Fig. 4. (A) Total ion current chromatograms of pure peptides 2 and 3; (B) XIC (extracted ion chromatogram) of the protonated molecular ions at m/z 705.39 (peptide 2) and at m/z 852.46 (peptide 3); (B.i) representative images of peptide 2-treated cells; (B.ii) representative images of peptide 3-treated cells; (C) TOF-MS and TOF-MS/MS spectra of peptides 2 and 3 detected in cell pellets (in line with those of pure peptides in Fig. S2 and S3, ESI†).

Fig. 5. Cell viability inhibition of SH-SY5Y cells, pre-treated for 24 hours with Aβ_25–35 at 100 μM concentration level (B) and then exposed to peptides 1–3 (C–E). The percentage of the inhibition of mitochondrial redox activity (RAI, %) of the cells was in reference to the control cells, which did not undergo any treatment. Negative values are in line with no inhibition occurrence. The values are the mean ± SD of six measurements, carried out in three independent experiments. Representative images of cells acquired by the inverted phase contrast bright field Zeiss Primovert microscope are reported. (A) Untreated control cells and other relative RAI graph (B) Aβ_25–35-treated cells; (C) Aβ_25–35 and peptide 1 treated cells; (D) Aβ_25–35 and peptide 2 treated cells; (E) Aβ_25–35 and peptide 3 treated cells.

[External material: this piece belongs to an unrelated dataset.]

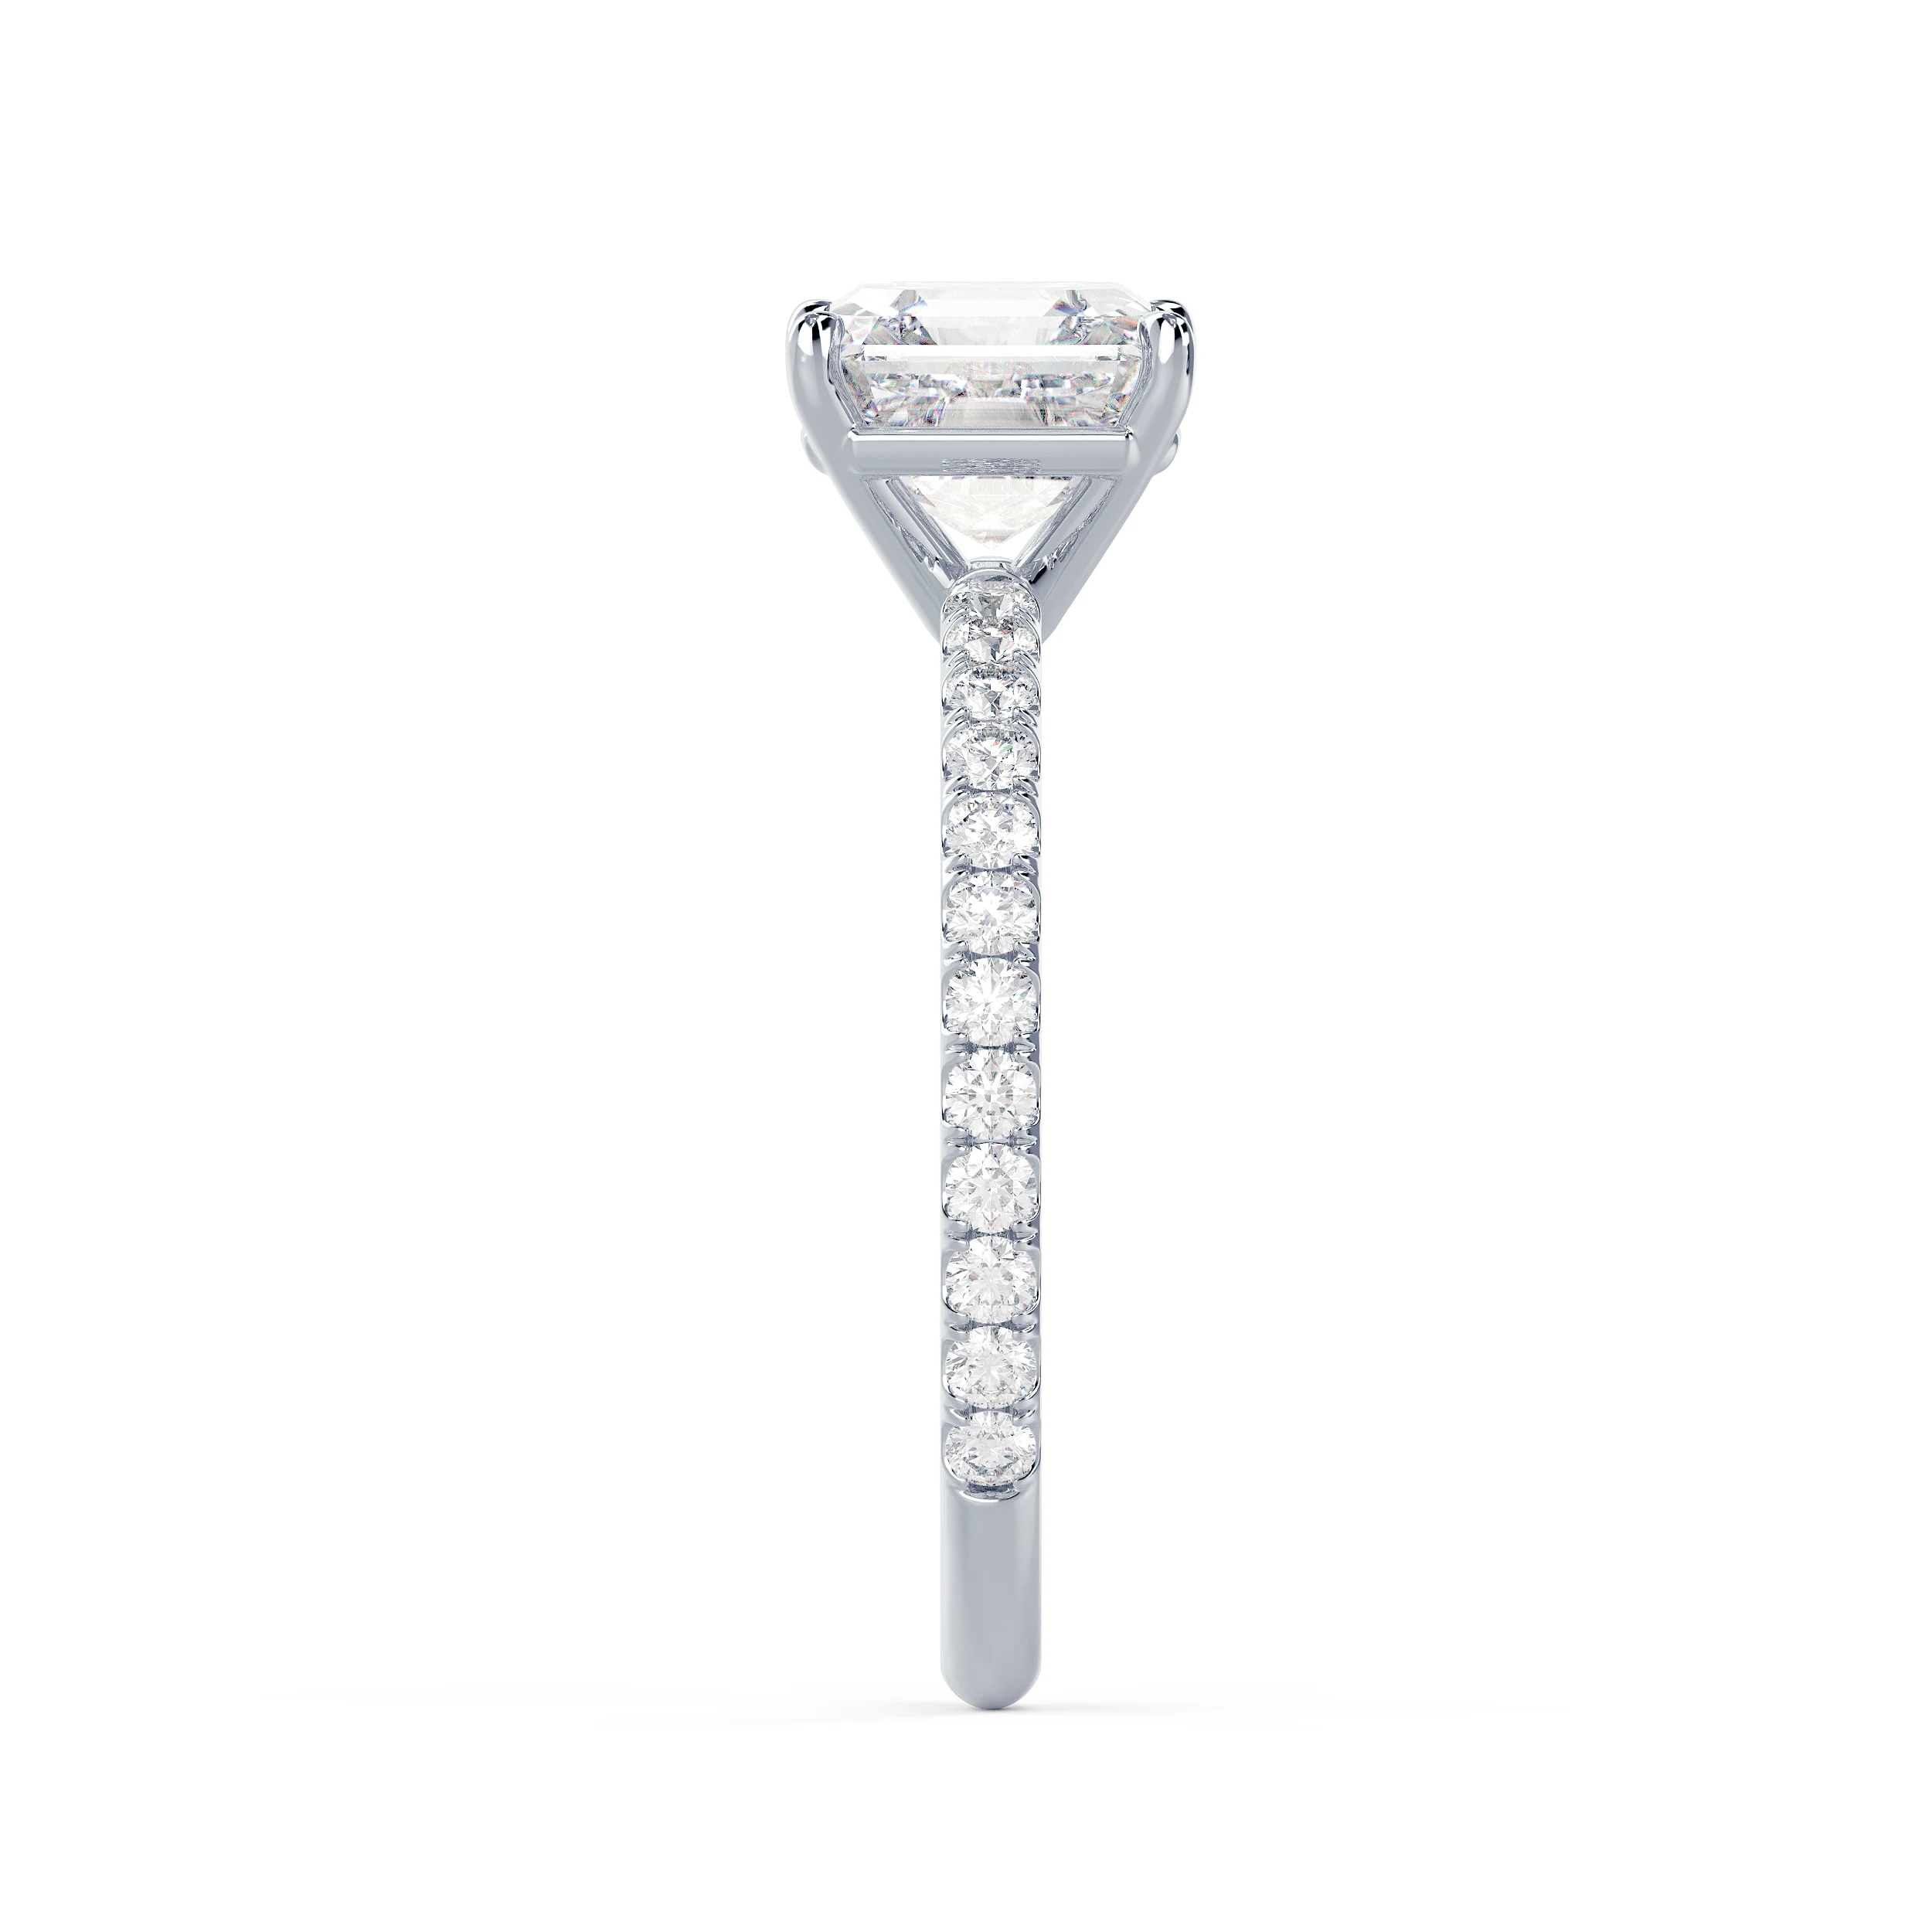 Diamonds set in White Gold Asscher Petite Four Prong Pavé Setting (Side View)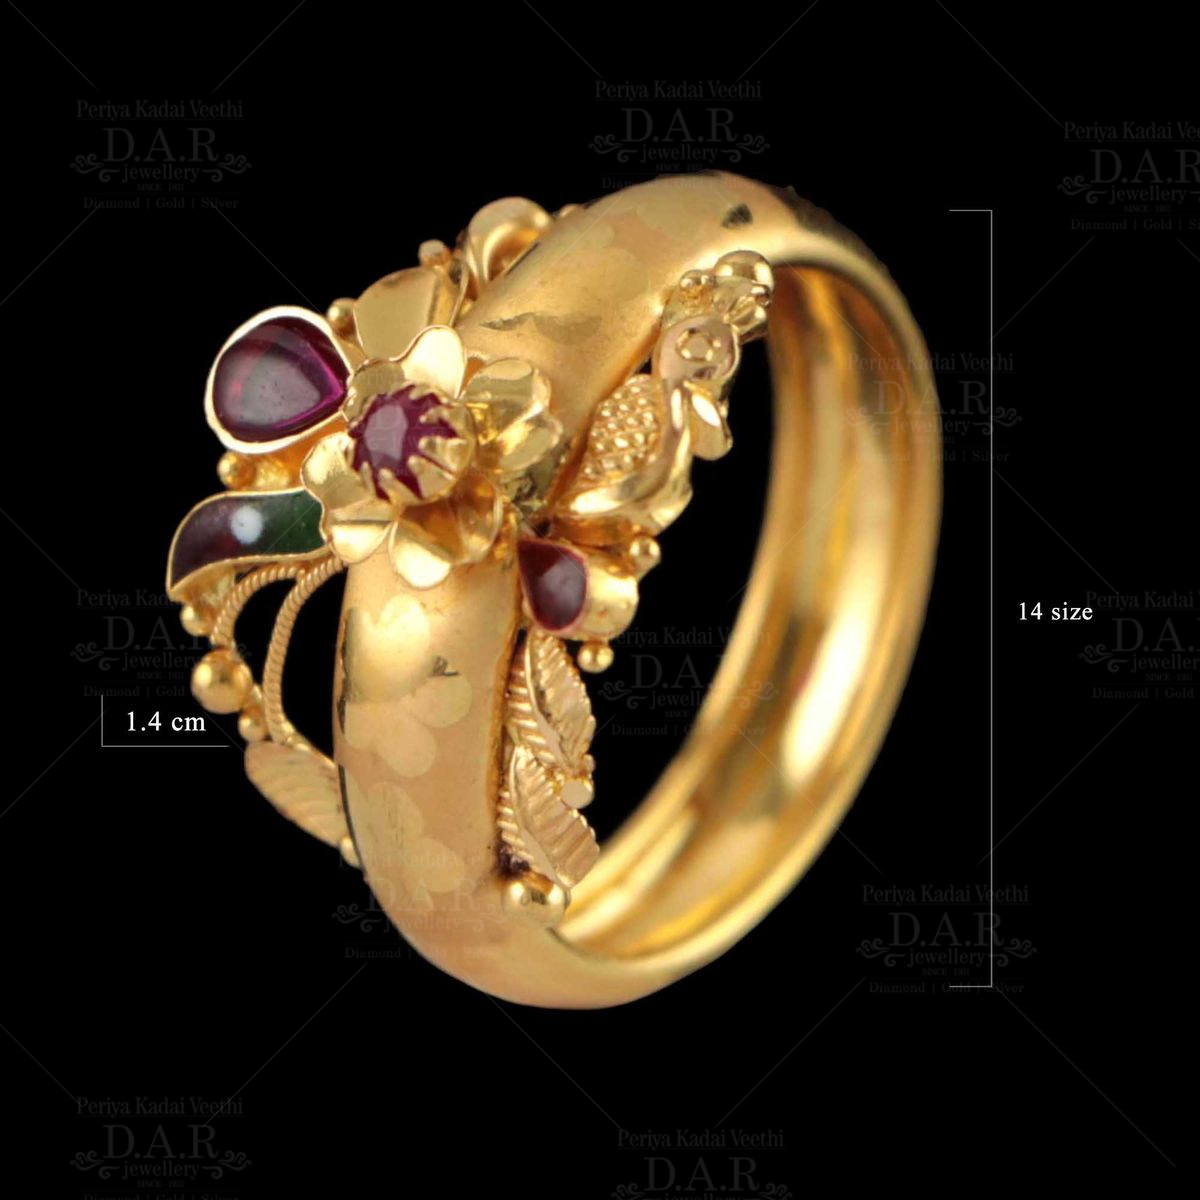 Gold Rings Designs For Women | Gold Jewelry Simple | Gold Rings Jewelry |  Gemstone Jewelr… | Gold jewellery design necklaces, Gold ring designs, Gold  jewelry simple

Fig. 6. Pharmacophore pseudomolecules generated by FLAPpharm from the training set alignment. (A) Model1 (S-score: 0.667) extracted as common pharmacophoric interaction fields (PIFs) and common pharmacophoric pseudofields (pseudoPIFs). (B) Model2 (S-score: 0.517) extracted as common pharmacophoric interaction fields (PIFs) and common pharmacophoric pseudofields (pseudoPIFs). Hydrophobic fields (DRY) are displayed in yellow, hydrogen bond donor fields (N1) are shown in blue, hydrogen-bond acceptor fields (O) are represented in red, while the shape (H) probe is shown as a white solid transparent surface area.

Fig. 7. The reweighted FES of iAβ5p obtained after 150 ns of PT-WTE simulation as a function of R_gyr and H-bond CVs. (A) The most representative conformation of iAβ5p extracted from the energetic minimum A, characterized by a β-sheet-like arrangement. (B) The most representative conformation of iAβ5p extracted from the higher energetic minimum B, characterized by β-turn arrangement, with two intramolecular H-bonds displayed as yellow dashed lines. (C) Superposition between the conformation of iAβ5p extracted from the energetic minimum A (blue sticks) and the conformation found by FLAPpharm to build Model2 (wheat sticks) (RMSD: 0.86 Å). Explicit hydrogen atoms are not displayed for clarity reasons.

Fig. 8. The reweighted FES of (A) peptide 2 (orange sticks) and (B) peptide 3 (light-green sticks) obtained after 150 ns of PT-WTE simulation as a function of R_gyr and H-bond CVs. Hydrogen bond interactions are displayed as yellow dashed lines. Explicit hydrogen atoms are not displayed for clarity reasons.